There are no consequences for Microsoft. It owns a 49% stake in OpenAI, so the only action that OpenAI could take to hurt Microsoft would be to deliberately destroy its own value.
We should just automete these comments:
MS: Oh No! Embrace Extend Extinguish !
Google: Oh No! killedbygoogle !
Meta: Oh No! So much Ads !
Apple: Oh No! Evil App Store policy !
Uh, sorry, but this seems pretty consistent with trying to co-opt and kill open source AI competition:
> [EEE] describe its strategy for entering product categories involving widely used standards, extending those standards with proprietary capabilities, and then using those differences in order to strongly disadvantage its competitors.

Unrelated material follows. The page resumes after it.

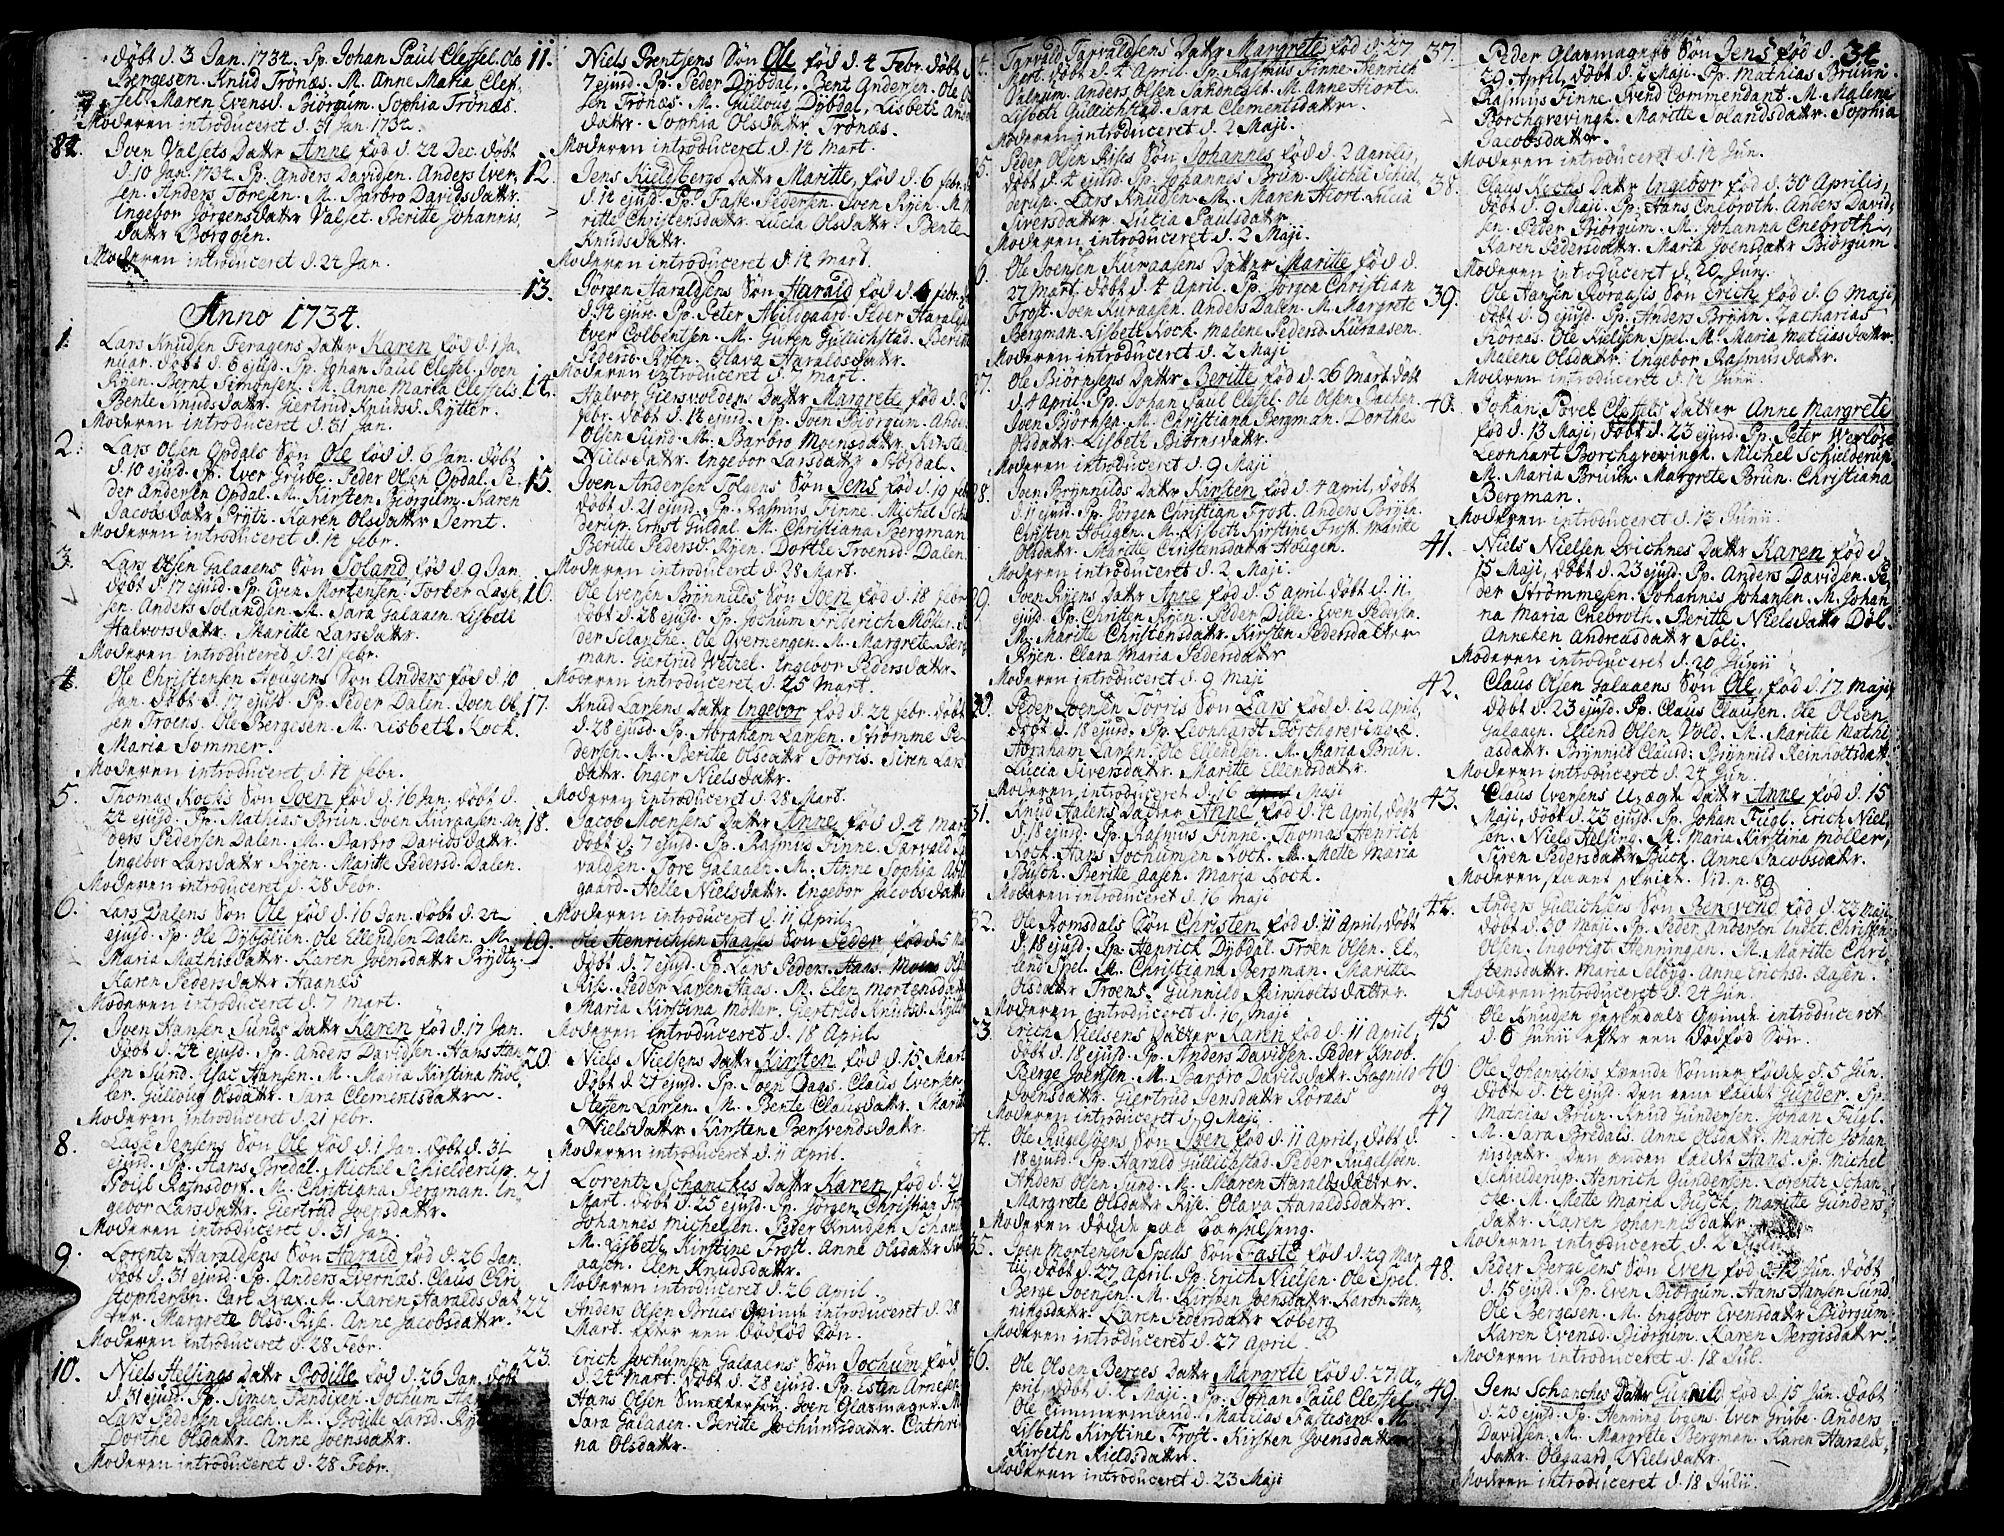 SAT, Ministerialprotokoller, klokkerbøker og fødselsregistre - Sør-Trøndelag, 681/L0925: Ministerialbok nr. 681A03, 1727-1766, s. 34

> "The US tech giant will provide the 10-month-old Paris-based company with help in bringing its AI models to market. Microsoft will also take a minor stake in Mistral although the financial details have not been disclosed"
Where are the "widely used standards"? Where are the "extending the standards with proprietary capabilities"? Where is the "strongly disadvantaging competitors"?
Mistral is the most used and fine-tuned open source model by a mile, close to the standard for open models, they’ve locked them down into offering their models behind an API and in Azure. The Azure offering sets them up for be the most safe, GDPR compliant offering for enterprises in Europe, where Microsoft already has a huge reach and customer base, bolstered by Mistral being a homegrown brand.
You want both a backup for OpenAI as well as negotiating leverage if OpenAI gets too powerful and this achieves both.